## Provided data:
···

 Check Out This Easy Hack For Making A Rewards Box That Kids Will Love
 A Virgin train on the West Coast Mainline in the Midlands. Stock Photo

···

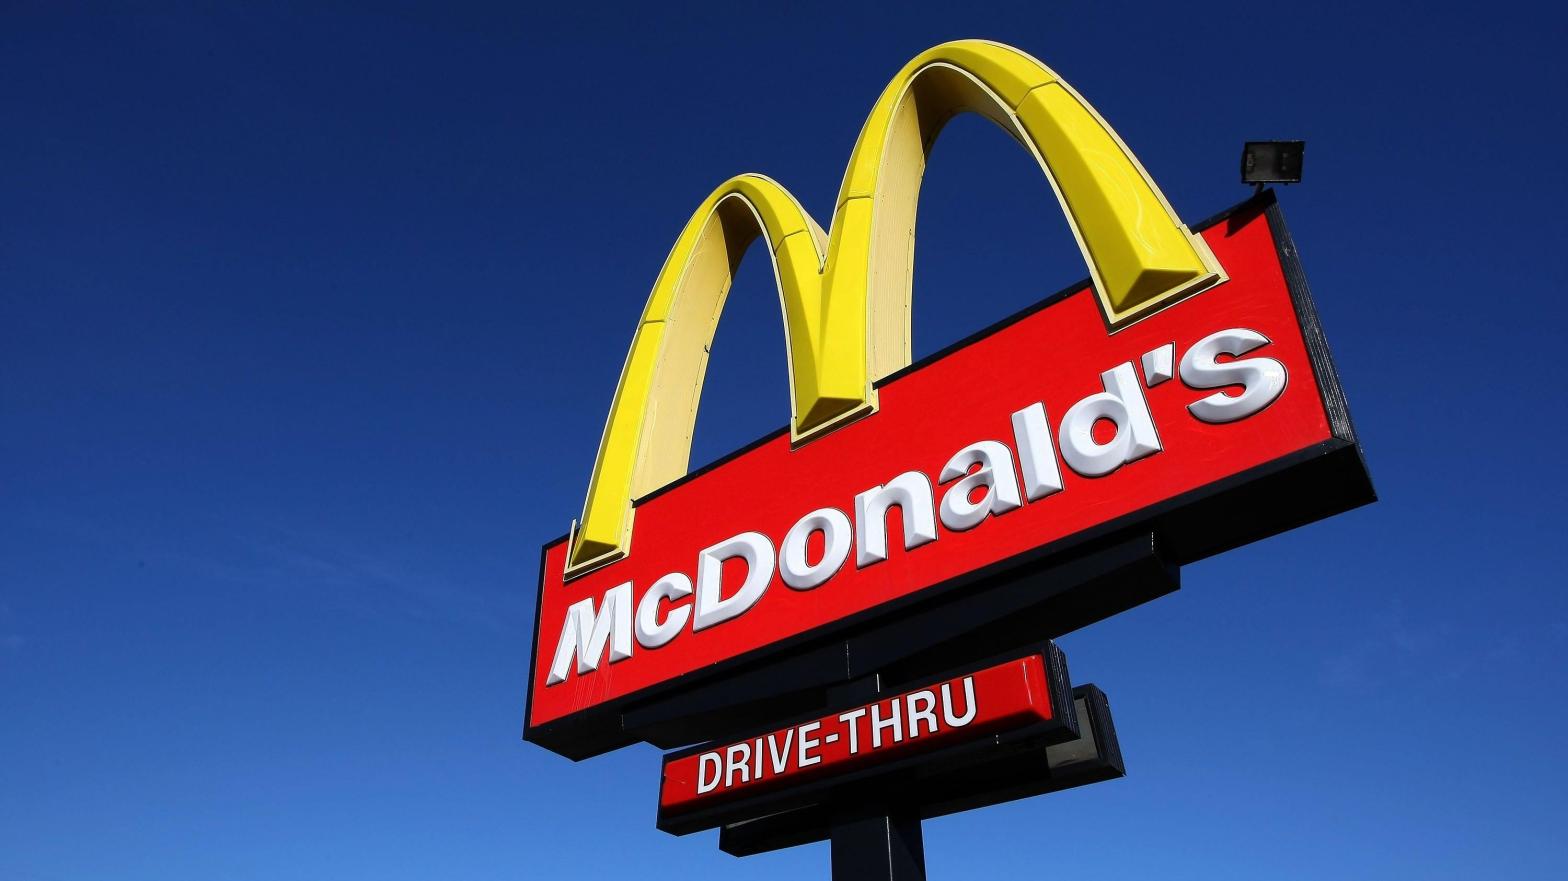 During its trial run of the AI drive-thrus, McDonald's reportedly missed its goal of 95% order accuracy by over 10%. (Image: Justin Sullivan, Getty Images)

···

Above this task is a listing. Restate, word for word and with nothing added, the lines from the one with "Check Out This" through the one with "A Virgin train".

 Check Out This Easy Hack For Making A Rewards Box That Kids Will Love
 A Virgin train on the West Coast Mainline in the Midlands. Stock Photo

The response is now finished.